WORK ORDER:
The whole listing, pictures aside, should be reproduced exactly.

DATASET EXTRACT:
..............................
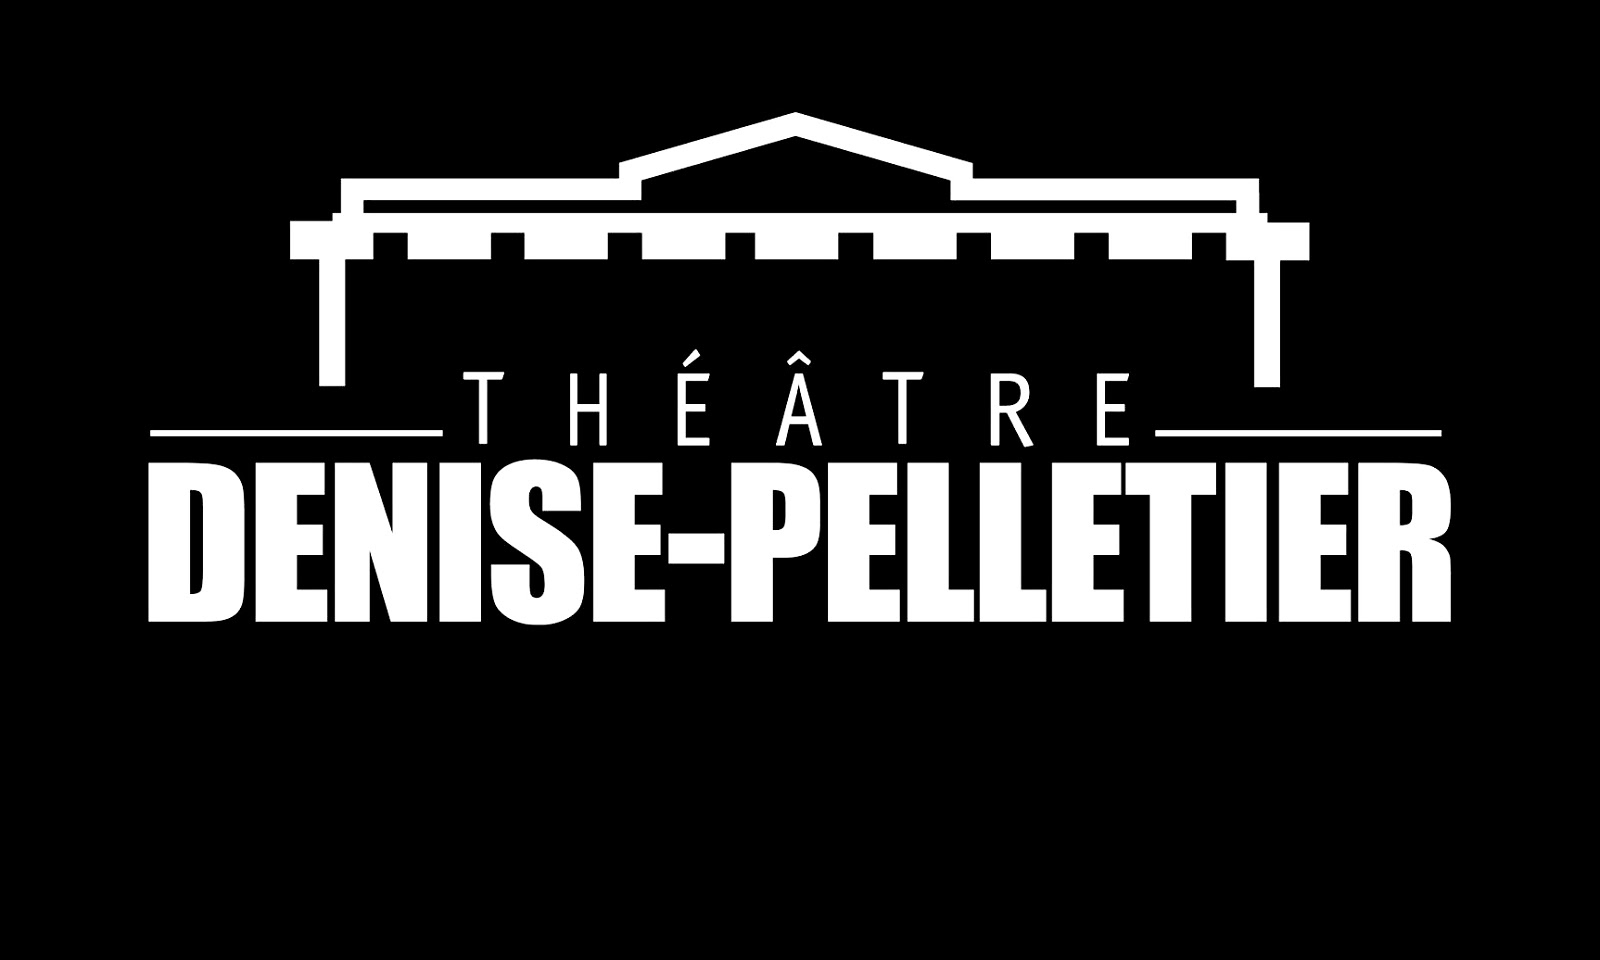 Théâtre Denise-Pelletier
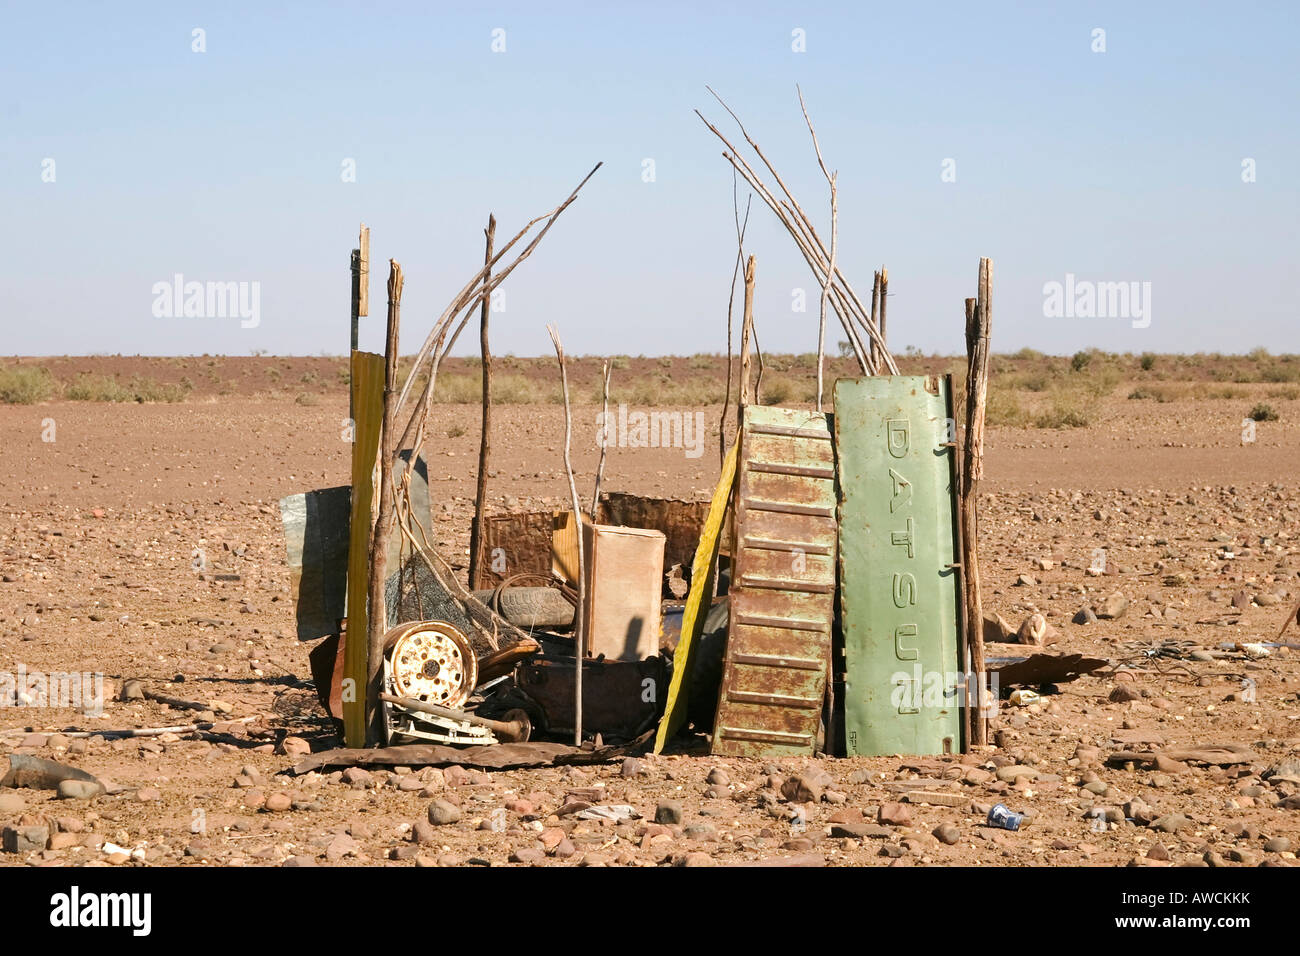 Petit baraquement se compose de ferraille, au sud de la Namibie, l'Afrique Banque D'Images
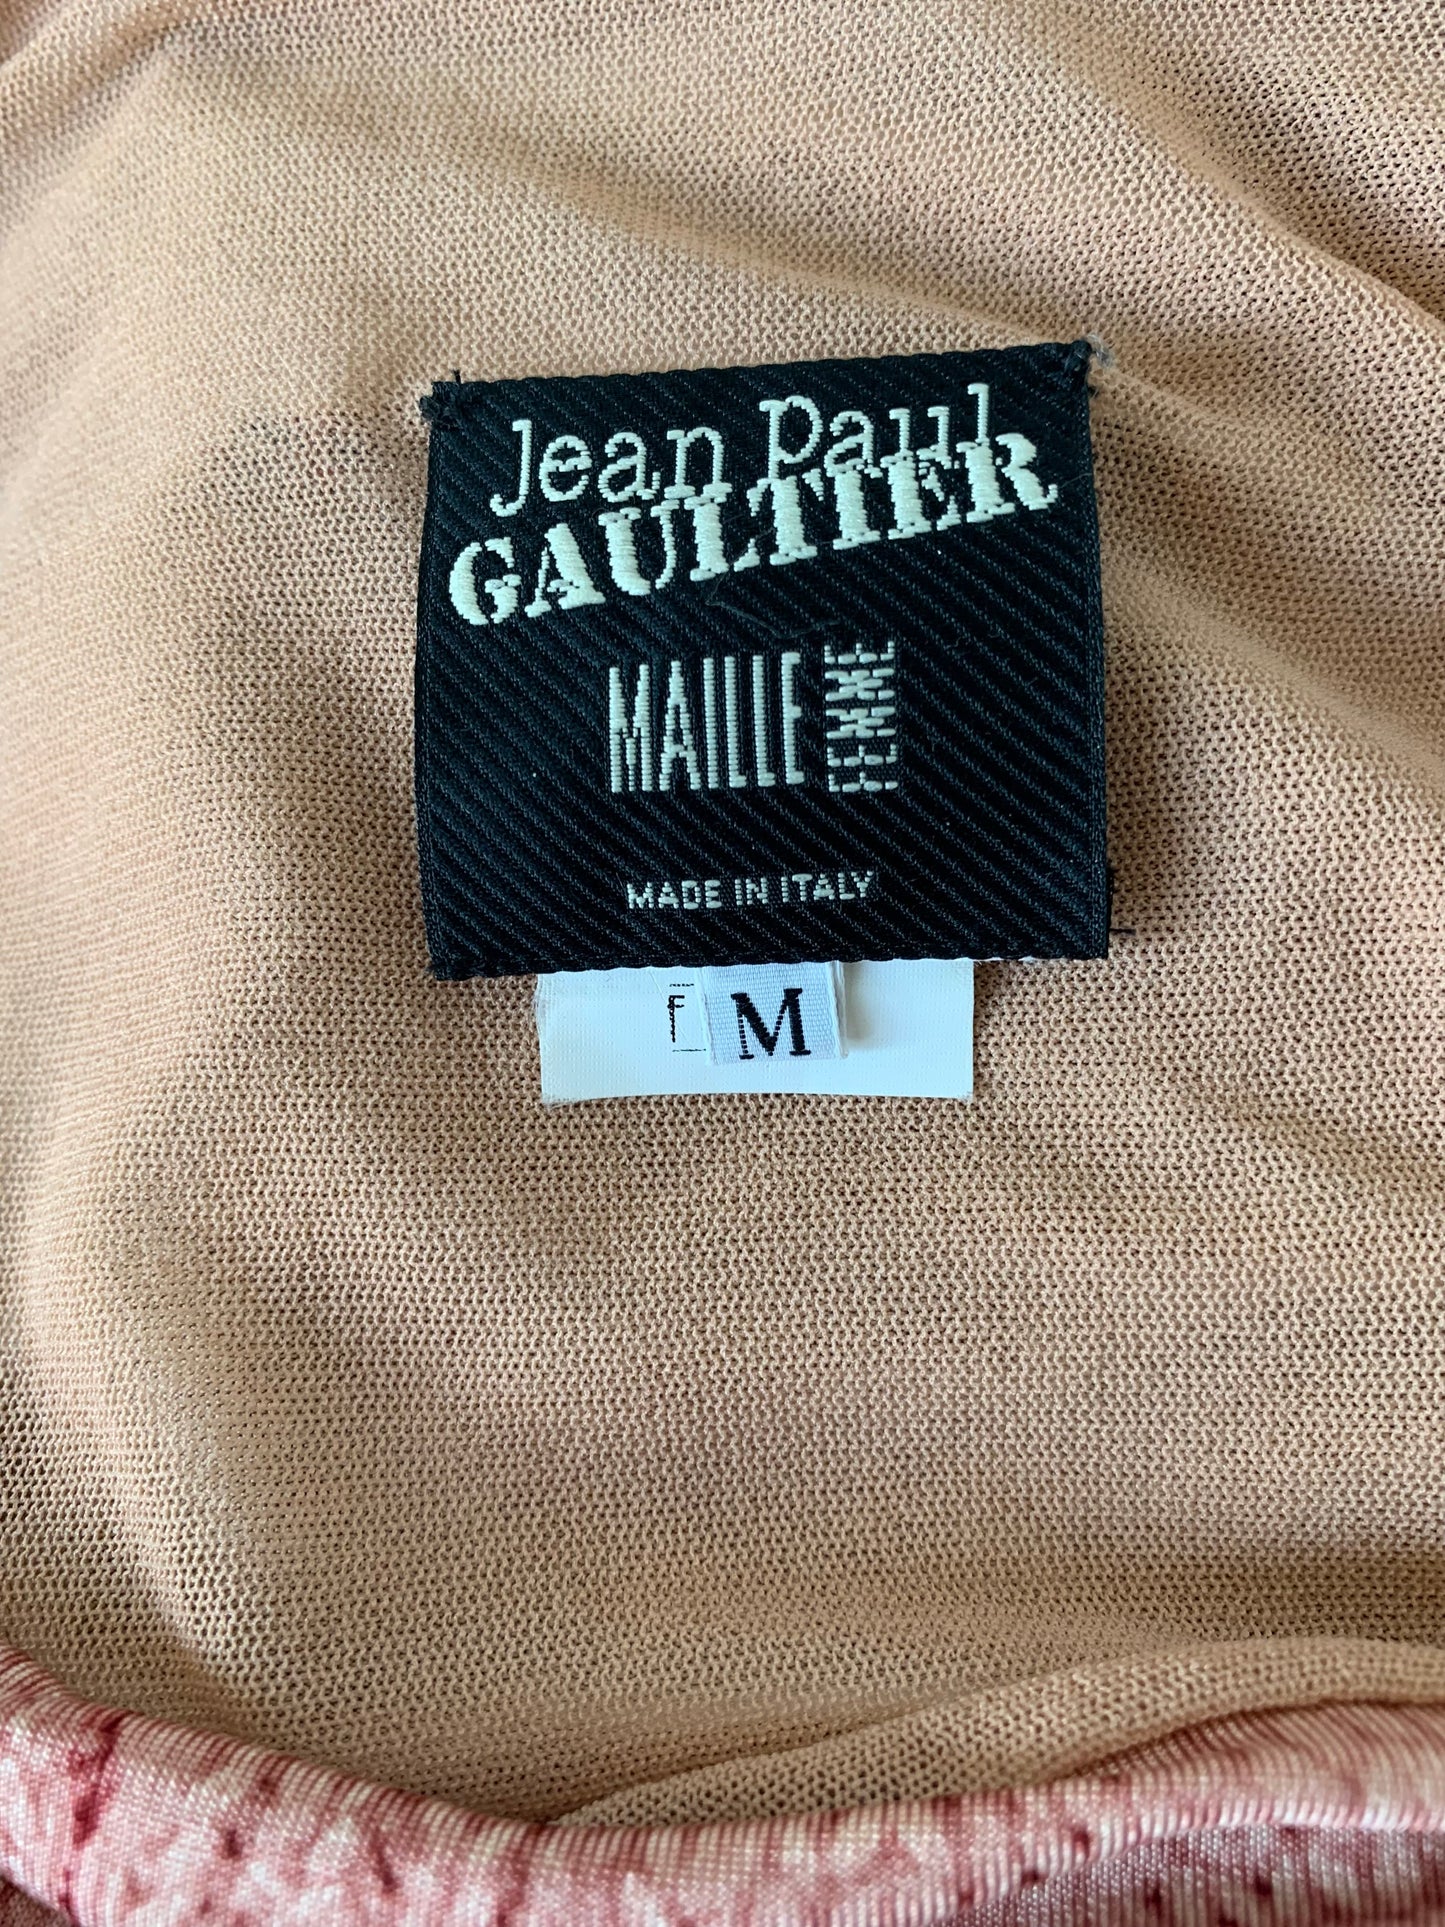 Jean Paul Gaultier FW 2004 Trompe L'oeil Top
..............................
RESPONSE TO THIS TASK:
 Théâtre Denise-Pelletier
 Petit baraquement se compose de ferraille, au sud de la Namibie, l'Afrique Banque D'Images
 Jean Paul Gaultier FW 2004 Trompe L'oeil Top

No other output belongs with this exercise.